The 61-year-old educator returned recently from a two-week trip to China, where she traveled as part of a 16-member special needs education delegation sponsored by People to People Ambassador Programs. She observed special education classrooms in Beijing, Nanjing and Suzhou that catered to children with various mental, emotional and physical disabilities.
She also participated in conferences with special education instructors at the Nanjing Special Education Teacher's Training School and at the East China Normal University in Shanghai. She shared early detection and assessment methods and offered curriculum suggestions for the school system's fledgling special education master's degree program.

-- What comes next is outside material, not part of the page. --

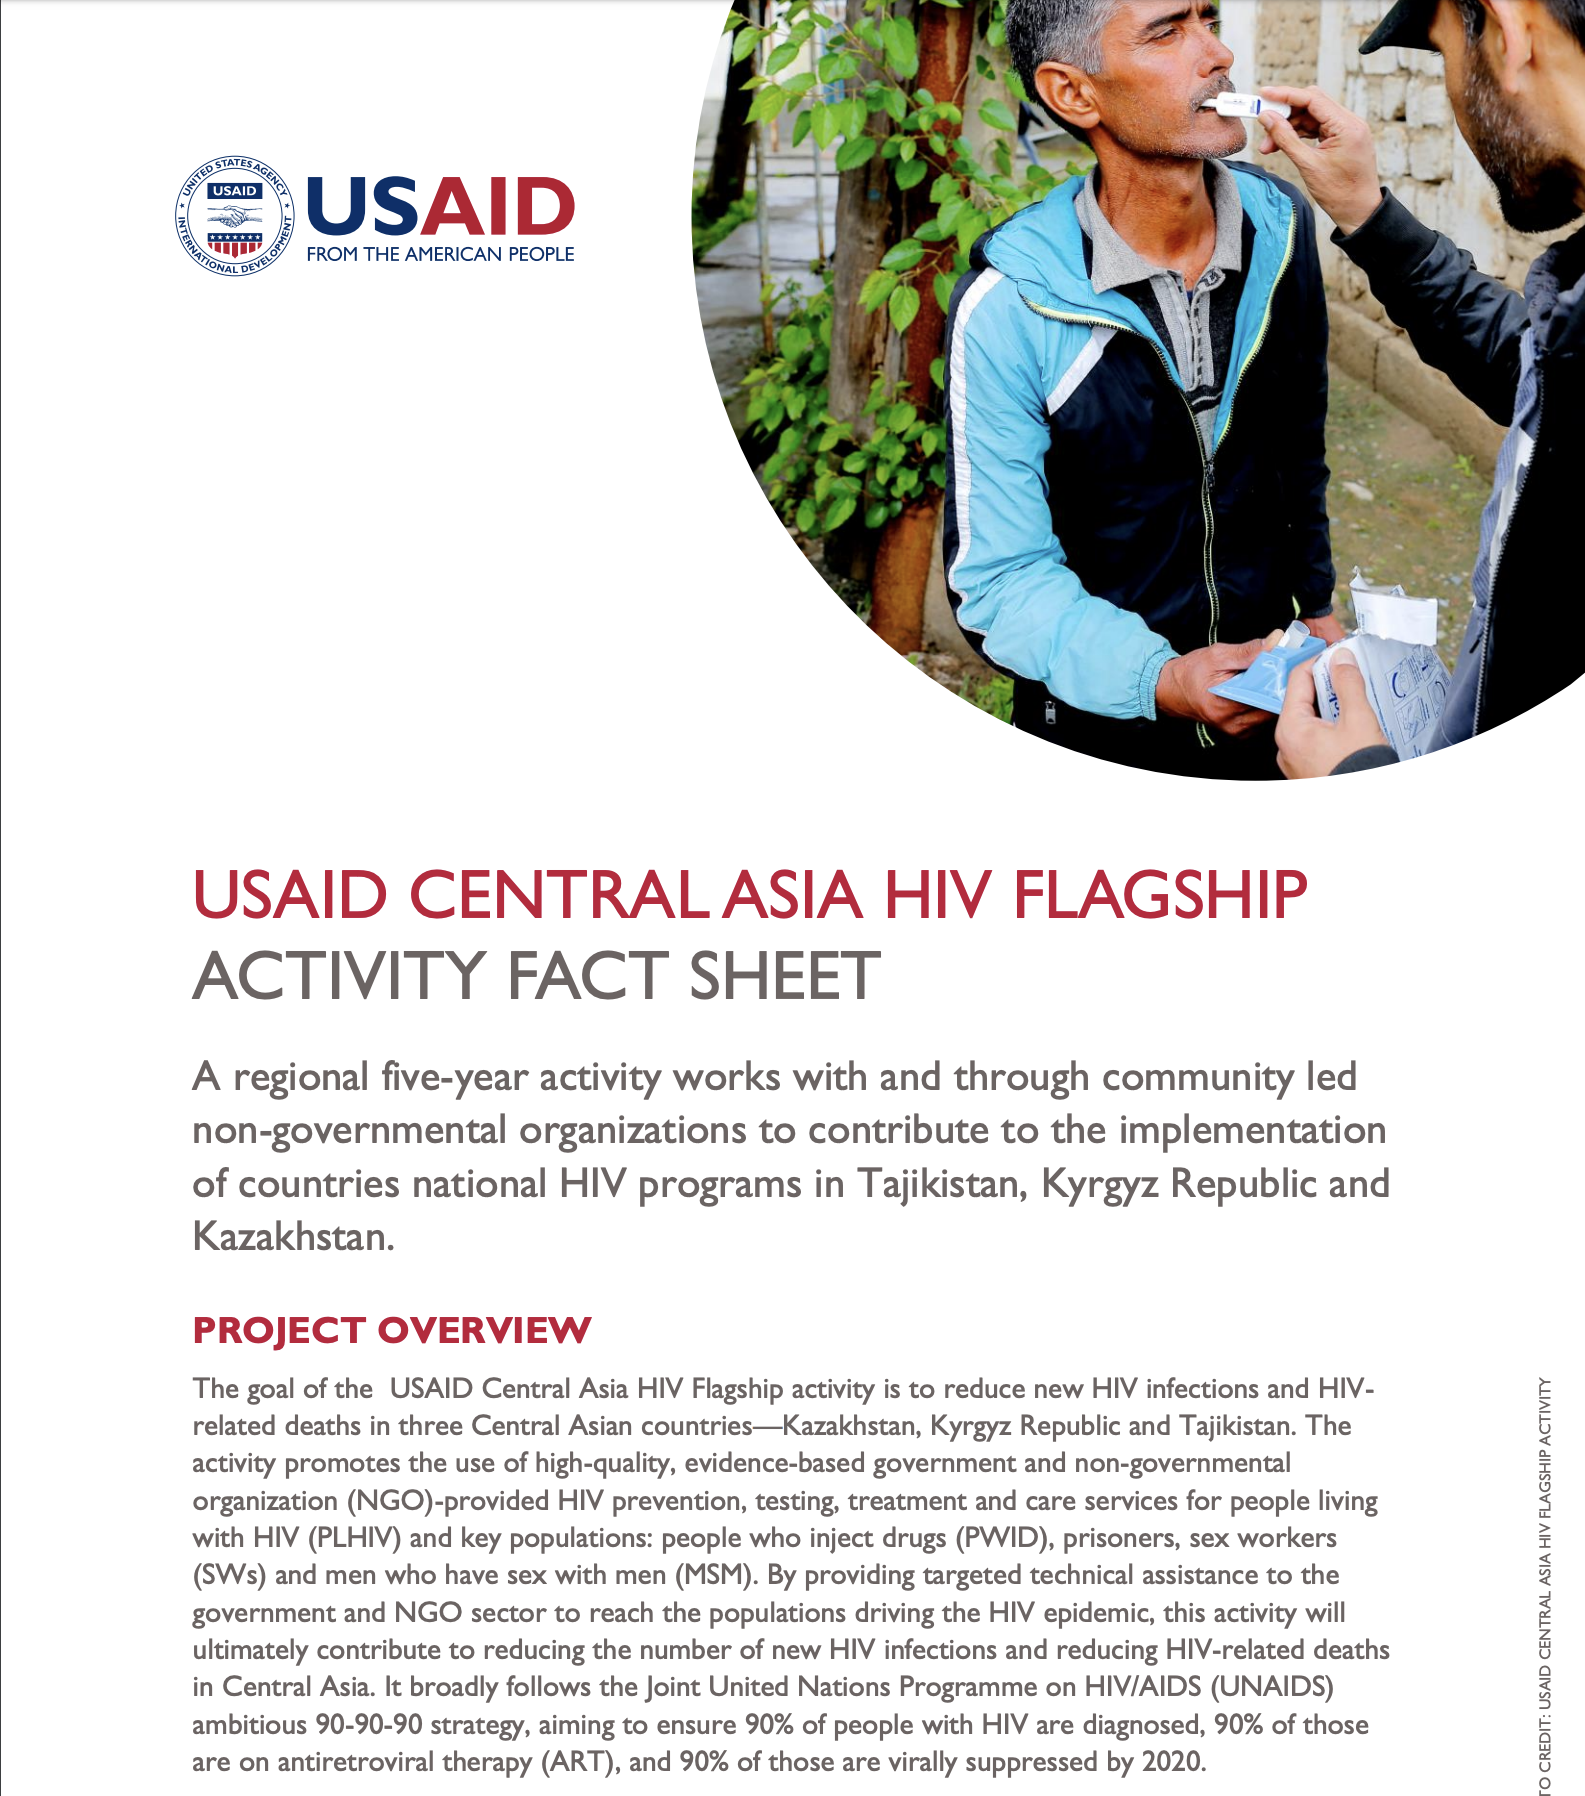 USAID Central Asia HIV Flagship Activity

Before she left for China, she and her students plotted the route she would travel. She told them about some of the places she would visit, including the Great Wall. She showed them examples of Chinese brush painting and taught them to count from one to 10 in Chinese.
The geography and social studies lessons continued when she returned. She played Chinese music and passed around a clock that showed the time in St. Petersburg as well as in Hong Kong. She shared examples of Chinese arts and crafts and Chinese currency. The children gathered around her laptop to view photographs of Tiananmen Square, a Buddhist temple and pandas at the Beijing Zoo.

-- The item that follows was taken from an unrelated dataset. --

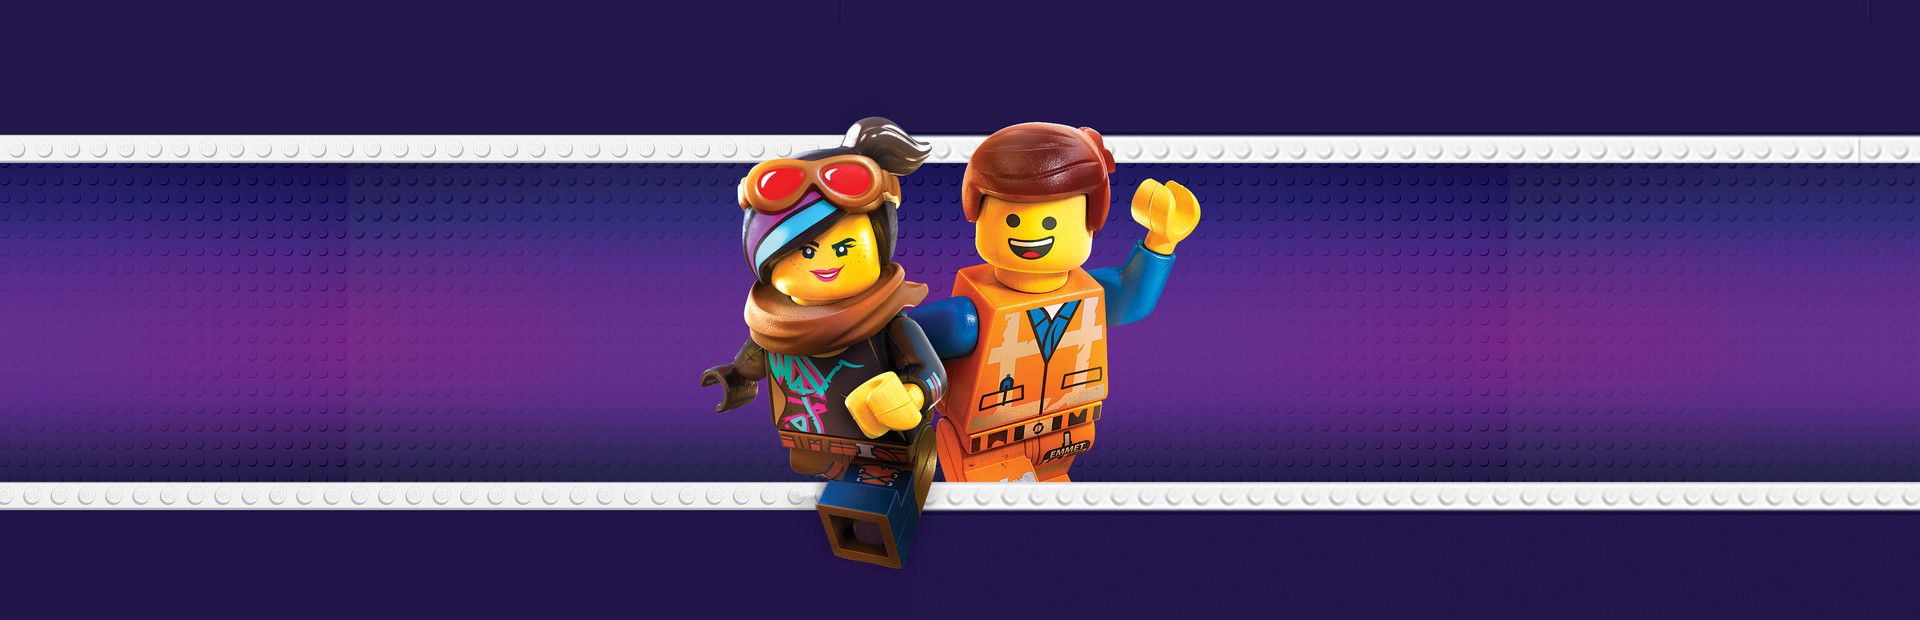 The LEGO Movie 2 Videogame cover image

She made sure she told them about how she was distracted at one point and got separated from her tour group. She said it's important to be honest with them about her shortcomings so they will understand their own. It also reminds her not to take herself so seriously.
"I used to go home and say, "I wish I hadn't said that, I wish I hadn't done that,' " she said. "I was my greatest critic. I tore myself apart. It doesn't bother me anymore what people say or do because I know I do my very best. I do double time."
Ms. Westall's journey to self-acceptance began when she was a child. From the time she was an elementary school student in Miami, she had difficulty learning. She couldn't read and she had trouble concentrating. Things that made sense to her classmates didn't make sense to her, but she didn't know what was wrong. She thought she was stupid. Her teachers and the other students thought so too.
One-on-one tutoring helped her graduate from high school, but she couldn't get into college.
"I wanted to go so badly," she said. "From elementary school, I wanted to be a teacher, to go to college. Everybody laughed at me."
She applied to 30 schools, but they all turned her down. Finally, Southern Seminary Junior College, a small school in Virginia, accepted her. She discovered she was good with color and majored in merchandising, but she still wanted to be a teacher.
She took remedial classes and was accepted at Campbell University in Buies Creek, N.C., but had to drop out for financial reasons. She landed a job as a substitute teacher for handicapped children.
One day, the mother of one of her students told her that her son was dyslexic and needed extra help. It was the first time she had heard the word. She asked the child's mother to explain.
"She gave me this book to read, and I thought, "This is me. They wrote a story about me.' "
She started teaching herself about learning disabilities. The more she found out about them, the more determined she was to be a teacher. At 39, she was accepted at Mars Hill College in Mars Hill, N.C. She worked as a waitress and drove a school bus to support herself.
"That's when I discovered how learning disabled I really was," she said.
She got permission to take the national teaching examination orally, but she still couldn't pass it. She earned a bachelor of arts degree in early childhood education but was not awarded her teaching certificate.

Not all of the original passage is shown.